What you should do »
An exact copy of the data is required. No picture may appear in it.

===== Given information

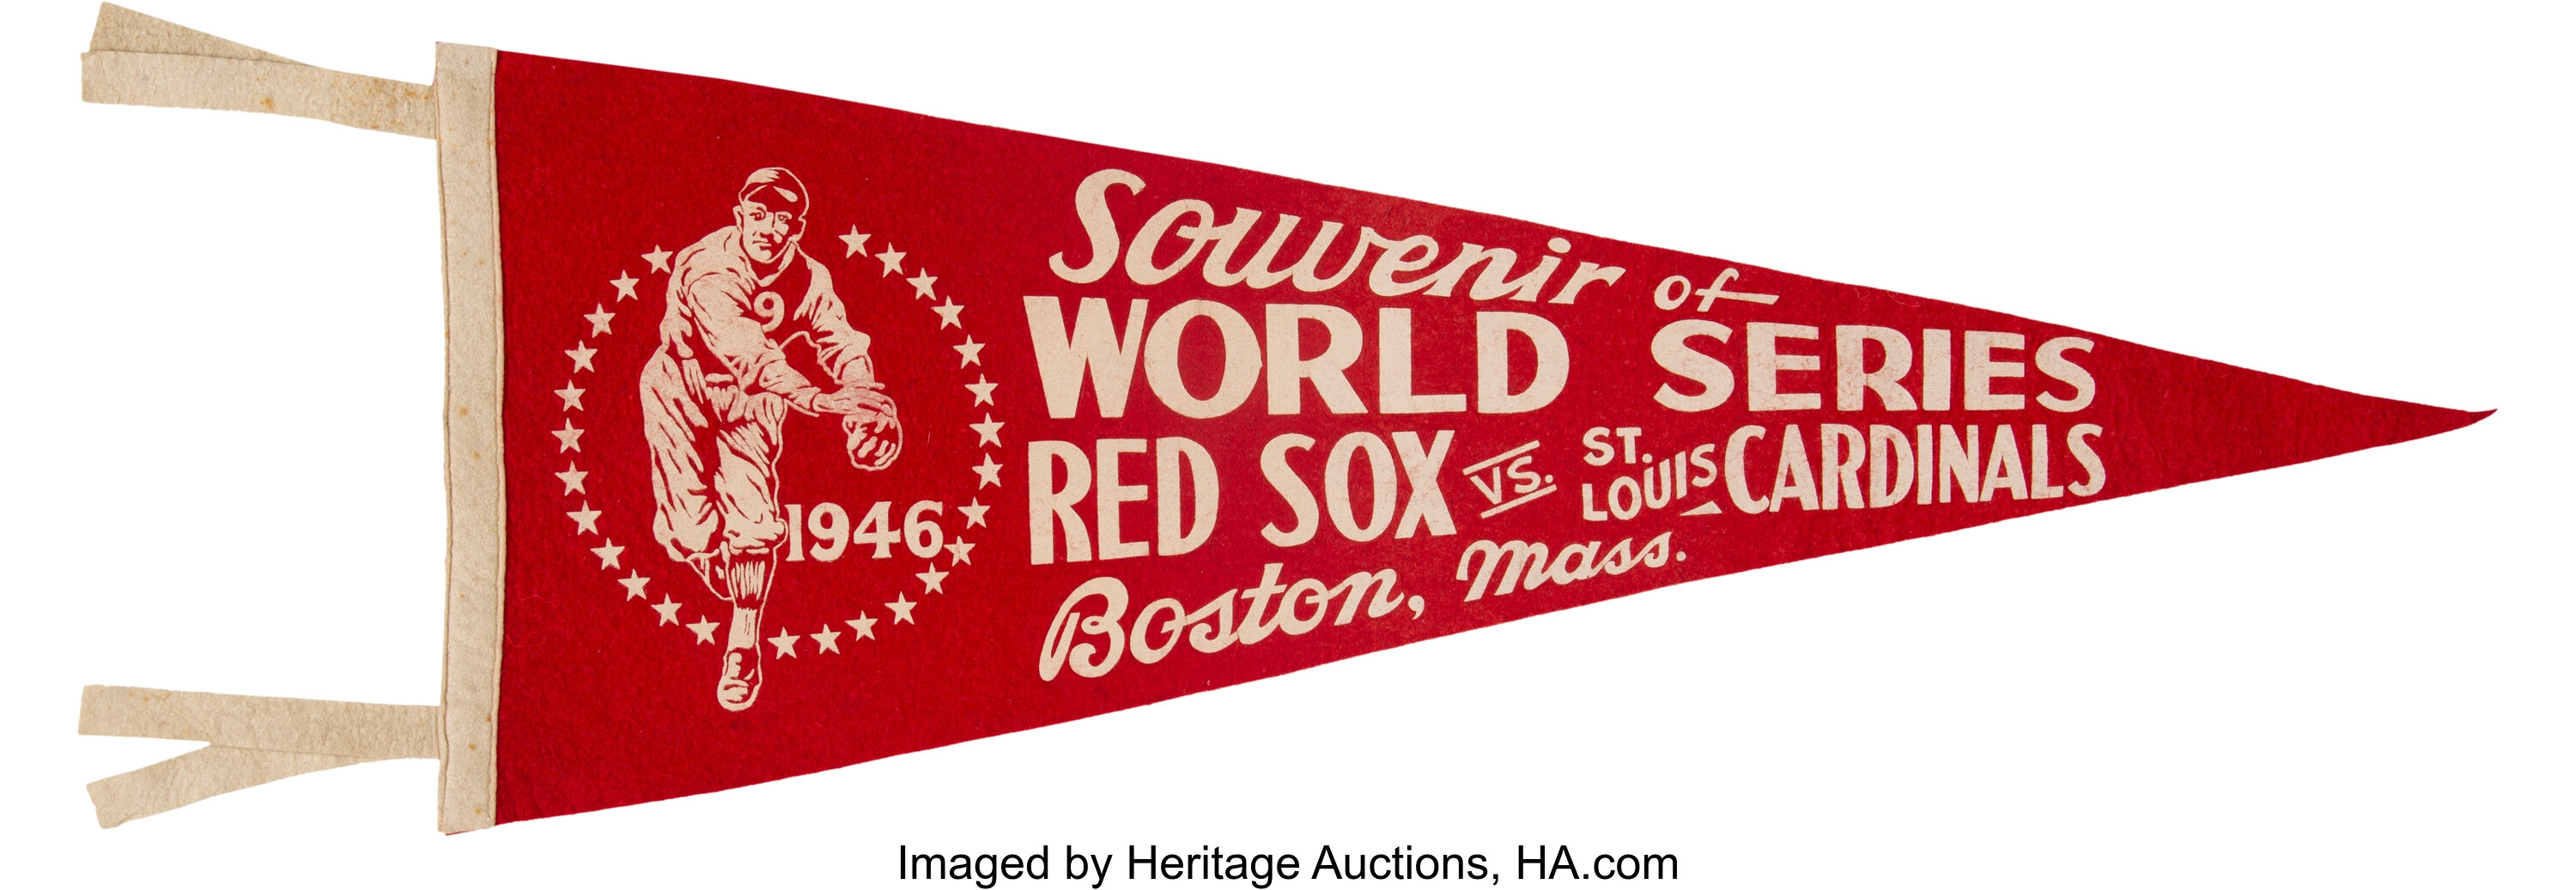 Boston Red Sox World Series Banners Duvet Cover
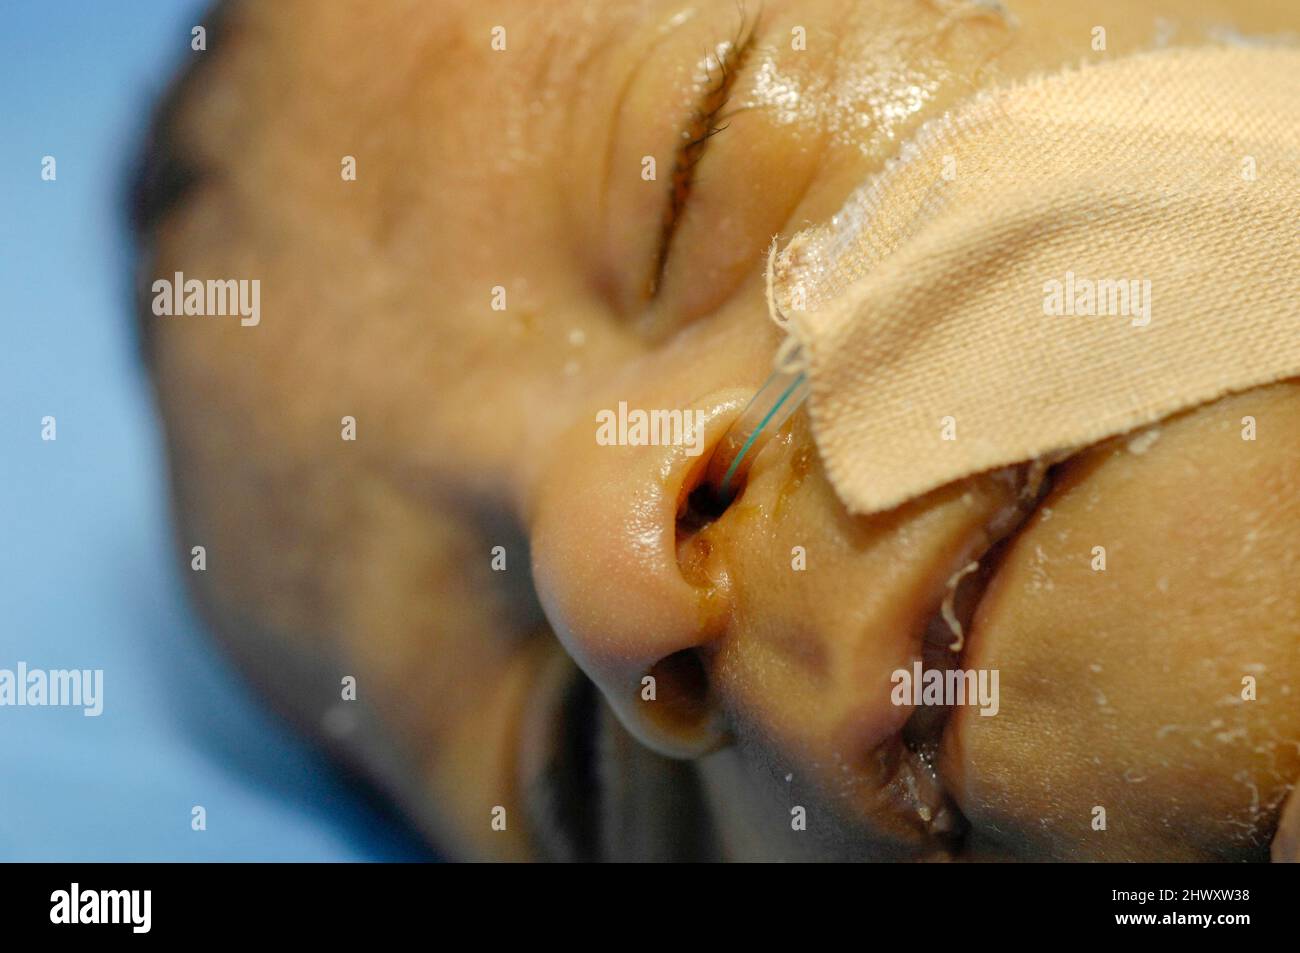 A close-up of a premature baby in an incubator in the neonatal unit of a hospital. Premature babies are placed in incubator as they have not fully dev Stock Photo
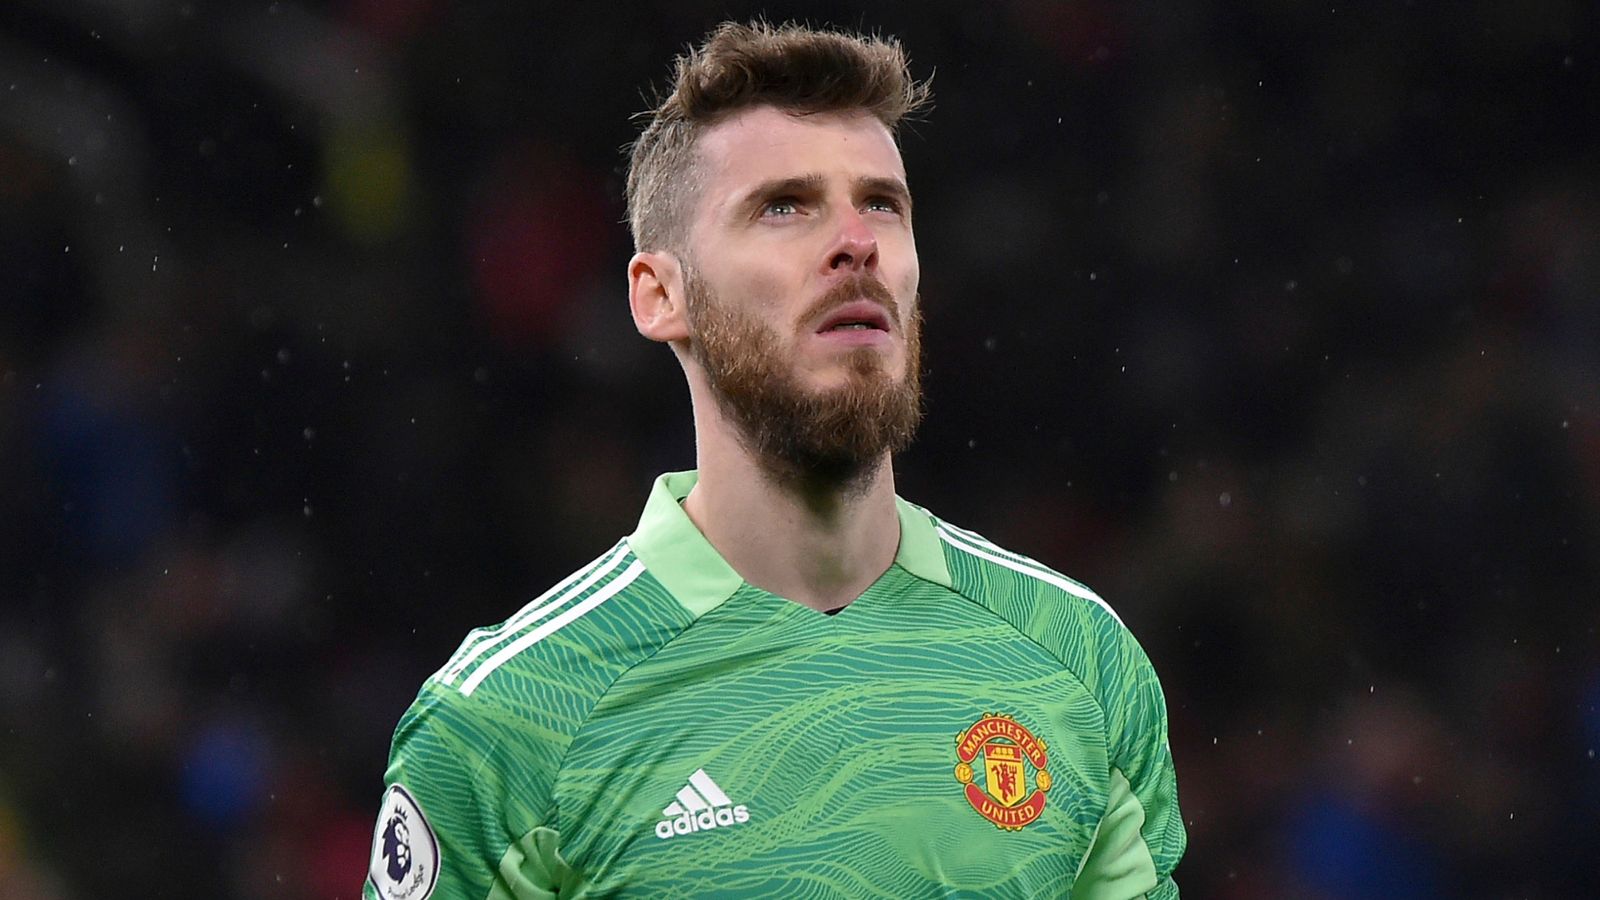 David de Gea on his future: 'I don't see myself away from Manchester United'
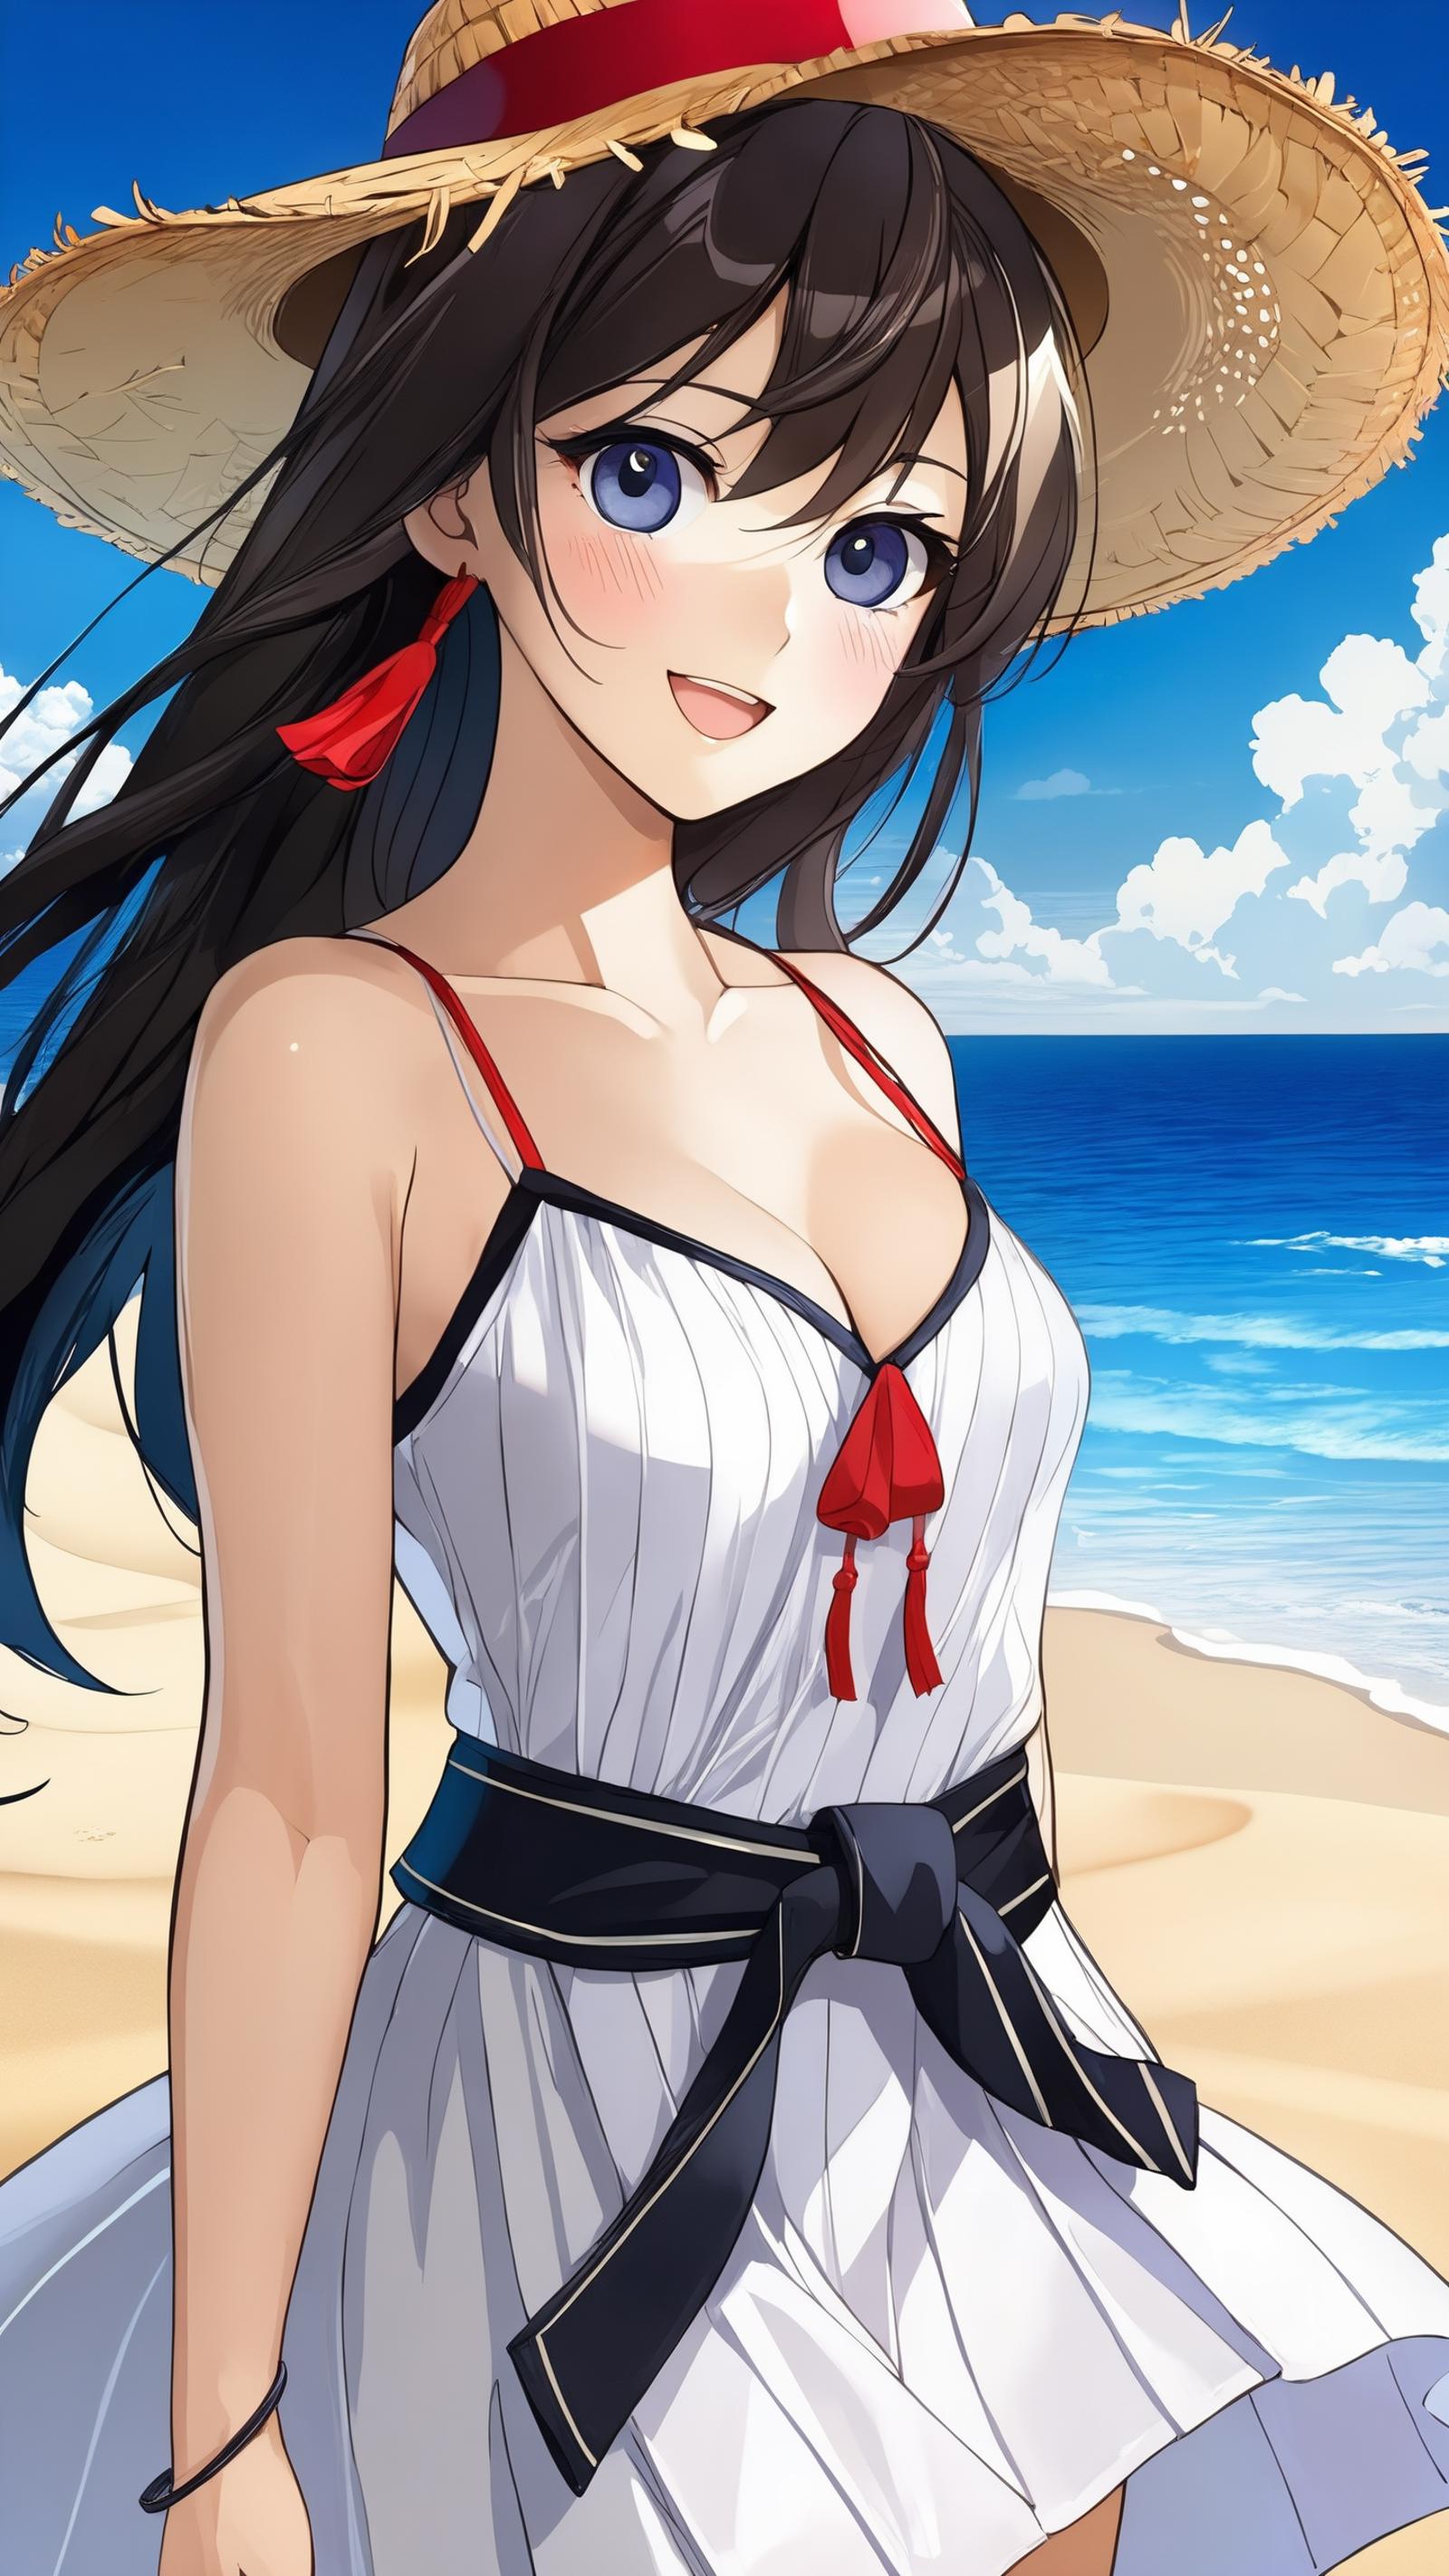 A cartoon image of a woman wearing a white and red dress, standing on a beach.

==========

Expected output »
 Boston Red Sox World Series Banners Duvet Cover
 A close-up of a premature baby in an incubator in the neonatal unit of a hospital. Premature babies are placed in incubator as they have not fully dev Stock Photo
 David de Gea on his future: 'I don't see myself away from Manchester United'
 A cartoon image of a woman wearing a white and red dress, standing on a beach.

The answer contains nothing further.